Non era stato allestito un sistema di linee vita, né era stata fornita all’infortunato la cintura di sicurezza.

Questi i fattori causali rilevati:

  • “mancato allestimento sistema di linee vita”;
  • il lavoratore “perdeva l’equilibrio e cadeva in avanti”;
  • “mancata fornitura di cintura di sicurezza, non essendo possibile altro sistema di protezione collettiva contro la caduta dall’alto”.

La prevenzione degli infortuni

Per dispositivi di trattenuta dove con “trattenuta” si intende “la condizione che per la lunghezza del cordino e del posizionamento dell’ancoraggio rende impossibile la caduta”.
A ricordarlo è la scheda “ CINTURA DI SICUREZZA UNI 358 (DPI002)”, pubblicata sul sito “ coperturasicura.toscana.it”, che segnala che tale cintura “non rientra fra i sistemi di protezione contro la caduta dall’alto (v.
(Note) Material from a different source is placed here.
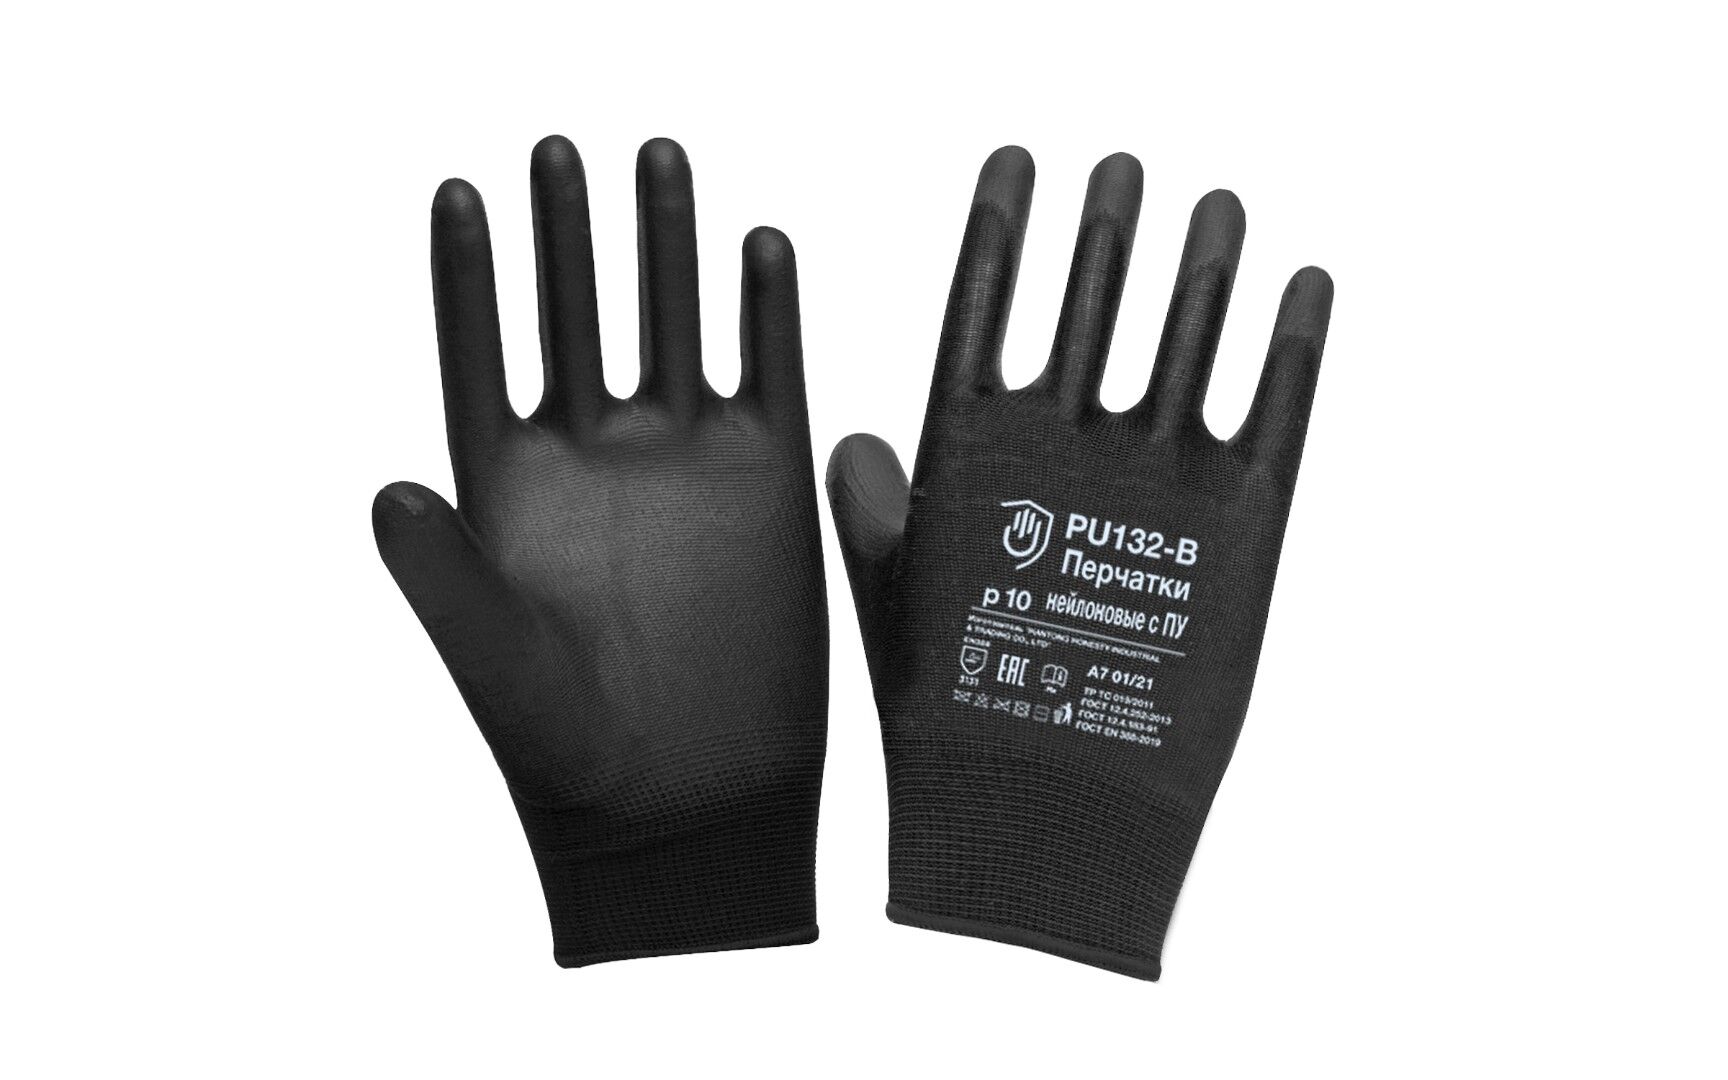 Перчатки нейлоновые с ПУ (PU132-B), нейлоновая основа, полиуретановое покрытие, частичный облив, цвет черный

D.Lgs. 81/08, art. 115). Non può essere considerato un dpi di arresto caduta ai fini di anticaduta dall’alto, ma solo quale dispositivo di trattenuta”.
Oltre a presentare il dispositivo e a segnalarne le caratteristiche, la scheda riporta alcuni elementi di criticità di questo dispositivo:

  • “può essere usato solo quale elemento di trattenuta e non ai fini anticaduta;
  • dipendenza, ai fini dell’efficacia della cintura, da un sistema perfettamente funzionante nei suoi elementi costitutivi e/o subsistemi, di cui la cintura stessa è solo un componente;
  • esistenza di un punto di ancoraggio affidabile;
  • cattivo stato di conservazione;
  • utilizzo erroneo da parte dell’operatore, se non sufficientemente istruito sul modo corretto di indossare la cintura;
  • esistenza di bordi taglienti, la temperatura elevata, la conducibilità termica, ecc.”.
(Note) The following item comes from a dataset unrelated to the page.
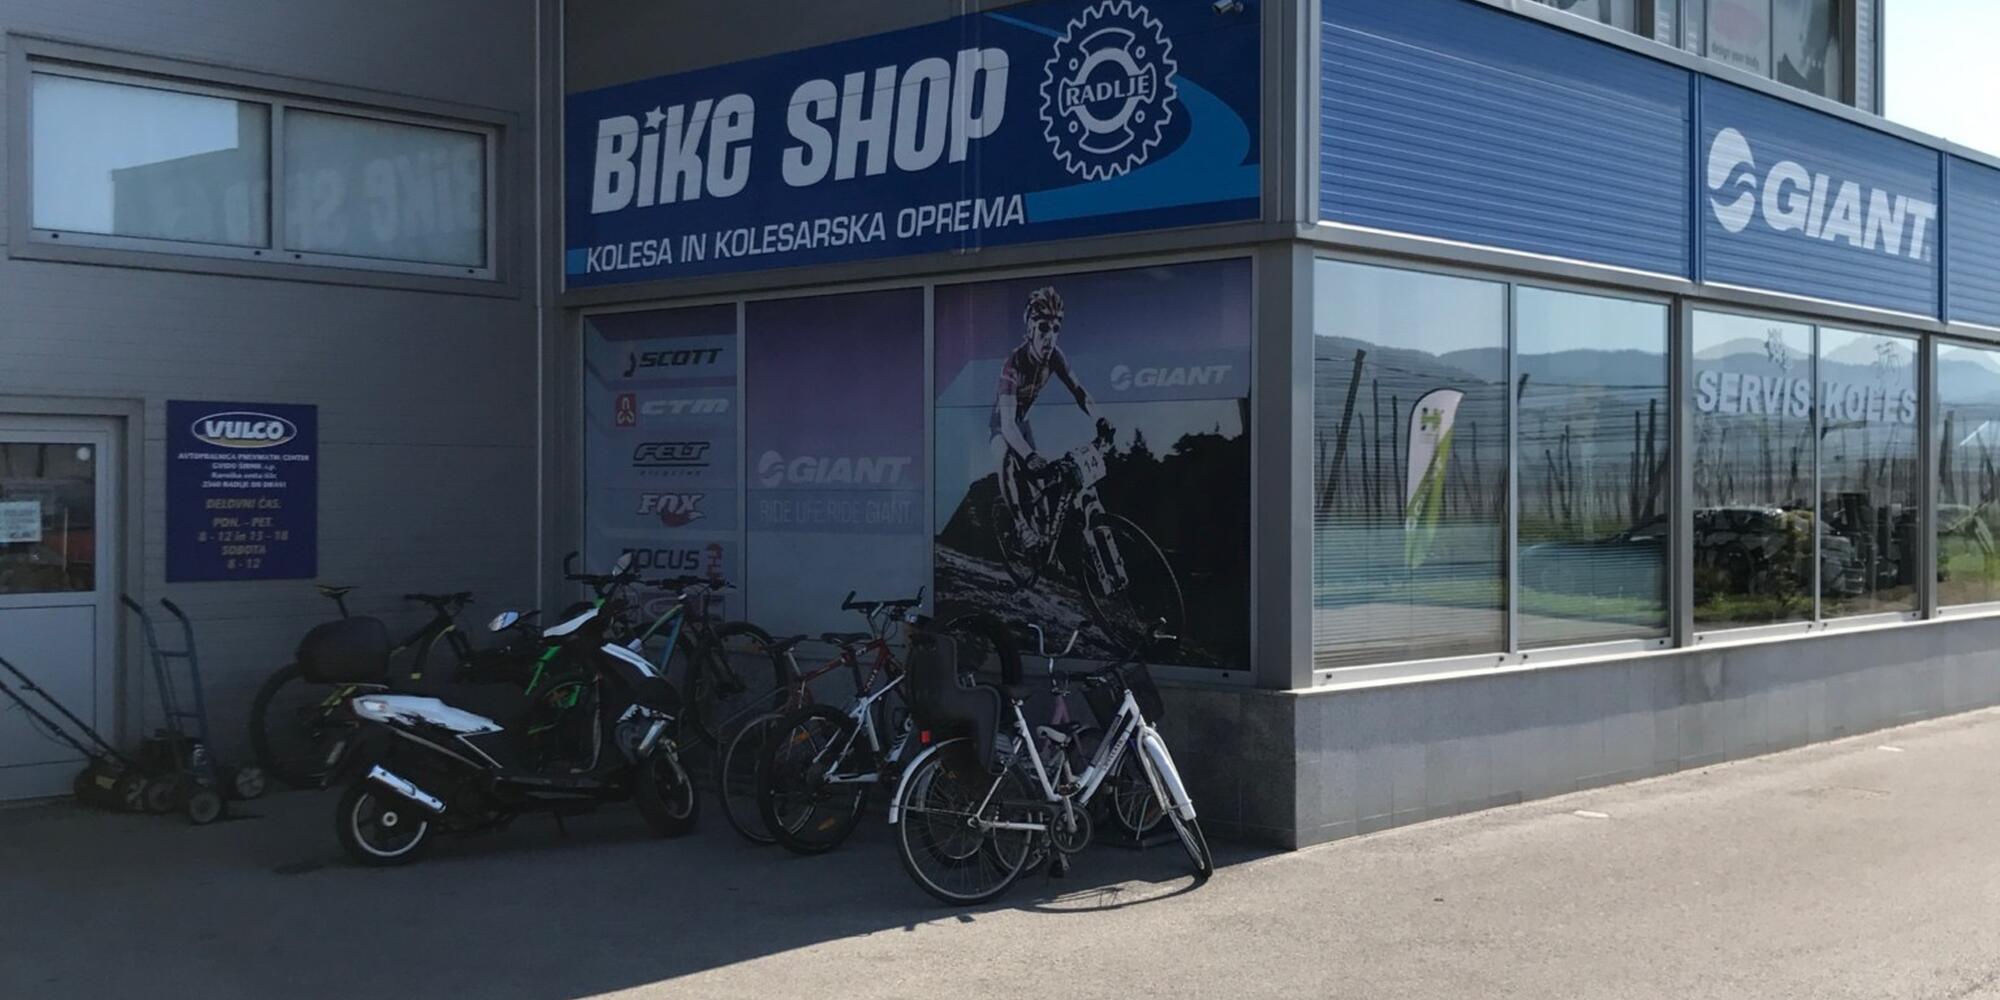 Bike shop Radlje

Ricordiamo, in conclusione, che la norma UNI che parla delle cinture di posizionamento è la UNI EN 358:2001 “Dispositivi di protezione individuale per il posizionamento sul lavoro e la prevenzione delle cadute dall’alto – Cinture di posizionamento sul lavoro e di trattenuta e cordini di posizionamento sul lavoro”. La norma è la versione in lingua italiana della norma europea EN 358 (edizione dicembre 1999) e, con riferimento a cinture e cordini destinati al posizionamento sul lavoro o alla trattenuta, specifica i requisiti, le prove, la marcatura e le informazioni fornite dal fabbricante. Queste hanno l’obbligo di verifica annuale da parte di persona competente.